If you asked me how I was feeling on Thursday night about attending DEF CON, I would have said “nervous.” After a week of preparing for and attending Black Hat — which I’m used to, for the most part — I wasn’t sure how different DEF CON would be or what to expect.

I’d heard a lot. Switch your phone off, don’t take credit cards, leave your laptop behind …some people asked why I was staying, warned I’d be exhausted, but assured me I’d have fun. And fun was an understatement.

Being able to attend these events in person has massively helped me with confidence and “imposter syndrome.” This was mentioned in the opening DEF CON talk on Friday, and I’ve heard so many women share a similar worry. But in reality, the cybersecurity community is diverse in its talent. Although it may not always feel this way, being in Las Vegas for Black Hat and DEF CON has shown me that all you need is the enthusiasm to become an expert in your chosen specialty. With a community so willing to share knowledge, that’s more than enough. I don’t need to know everything, and I’m trying to stop myself from thinking that.

As a woman in tech — in cybersecurity even, networking can be difficult to navigate. Luckily, I had the most wonderful experience and genuinely can’t say that I’ve been to many other events (social, work, or otherwise) where people are so kind, welcoming, and eager to teach and learn.

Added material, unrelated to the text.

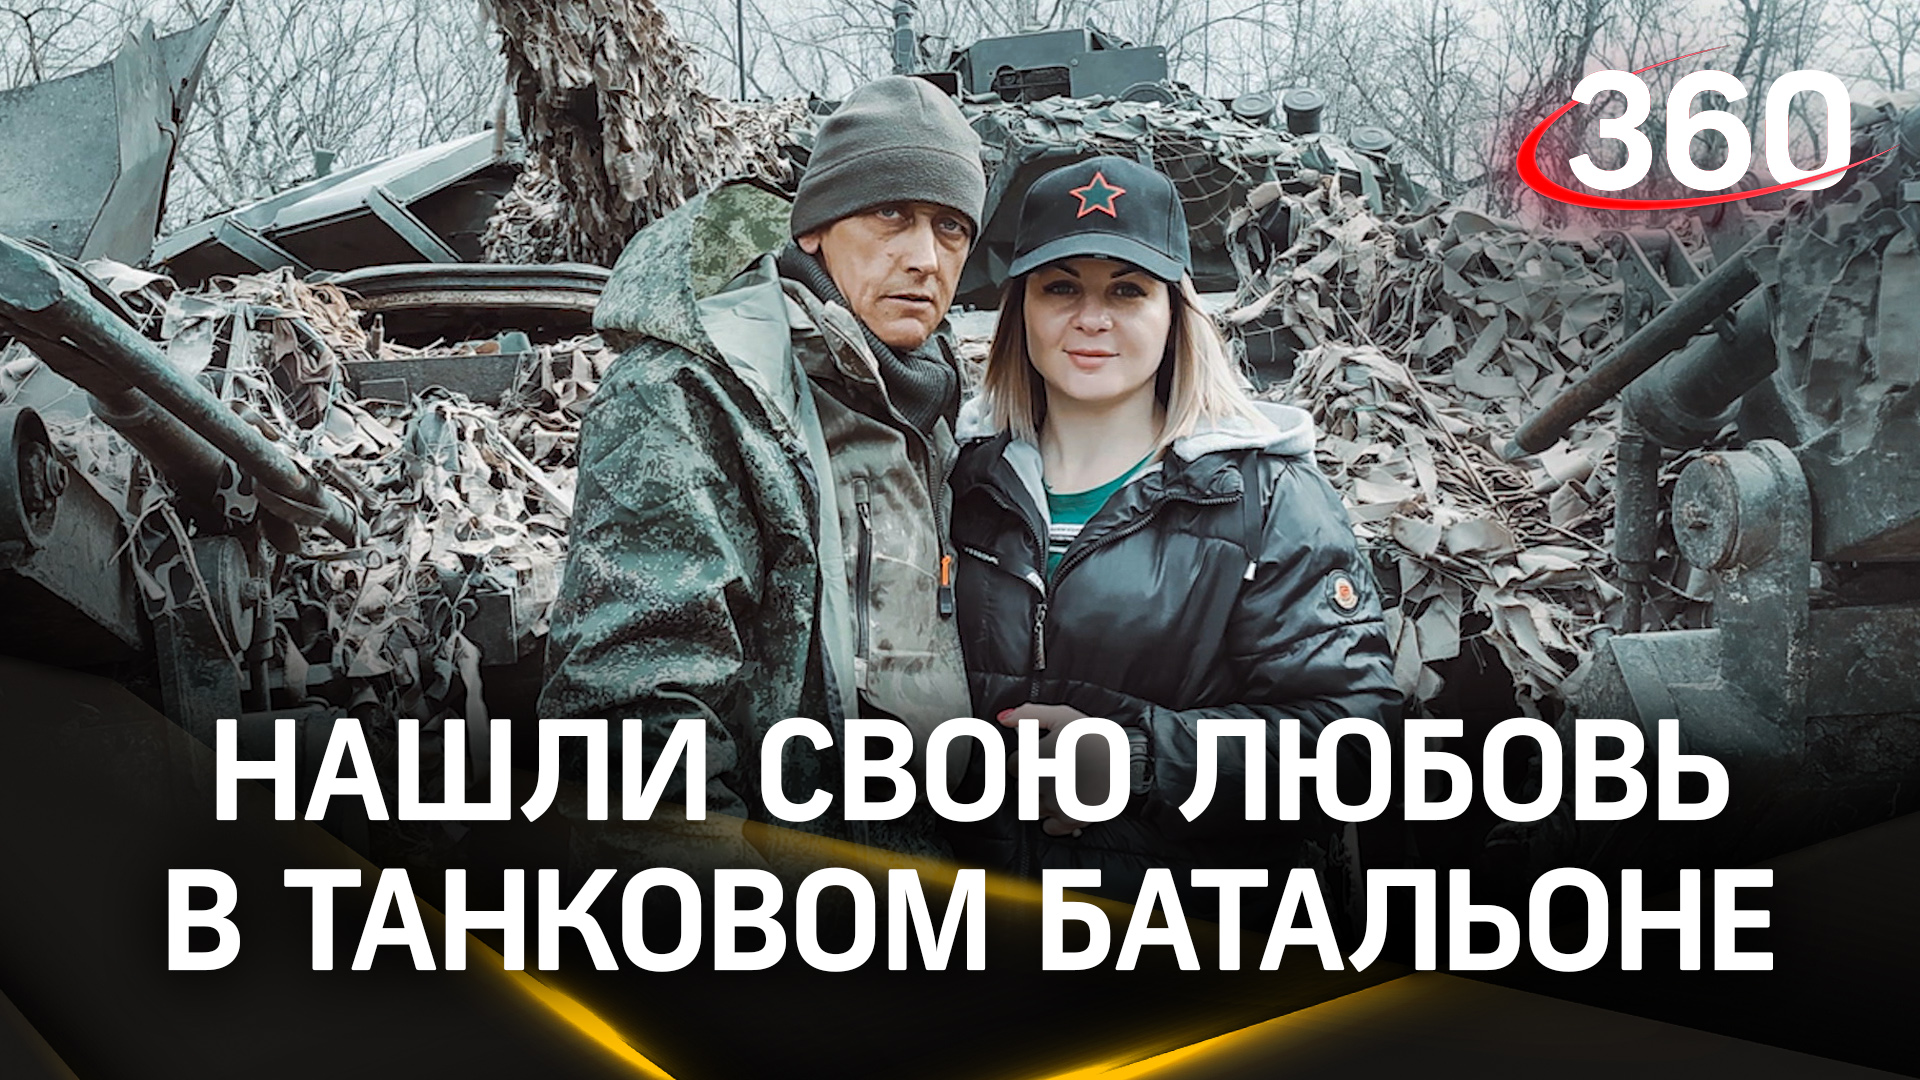 Армия стала их судьбой: супруги Тарбаевы познакомились на службе в танковом батальоне в ДНР

I know this experience is not the same for all women attending, but it’s great to see progress made and a zero-tolerance policy toward sexual harassment from both DEF CON and Black Hat and the willingness to enforce this. I was pleasantly surprised to make friends in the girls’ restrooms (who would’ve thought it!) and hope to make many more in years to come.

So, what are my tips?

  1. Don’t try to do too much. There’s so much to do and see and you’re better off taking your time to focus on the areas that interest you most. I spent most of my time in the IoT Village (I’m all about the things) and Car Hacking Village. I missed a few that I wanted to get to, but there’s always next time!
  2. Save the talks for post-conference. A colleague gave me some great advice to spend most of my time in the villages, as the talks are accessible after the event. Unless you want to attend a talk that isn’t recorded, or have some burning questions for the speakers, make the most of walking around and seeing all the wonderful things the event has to offer in the flesh.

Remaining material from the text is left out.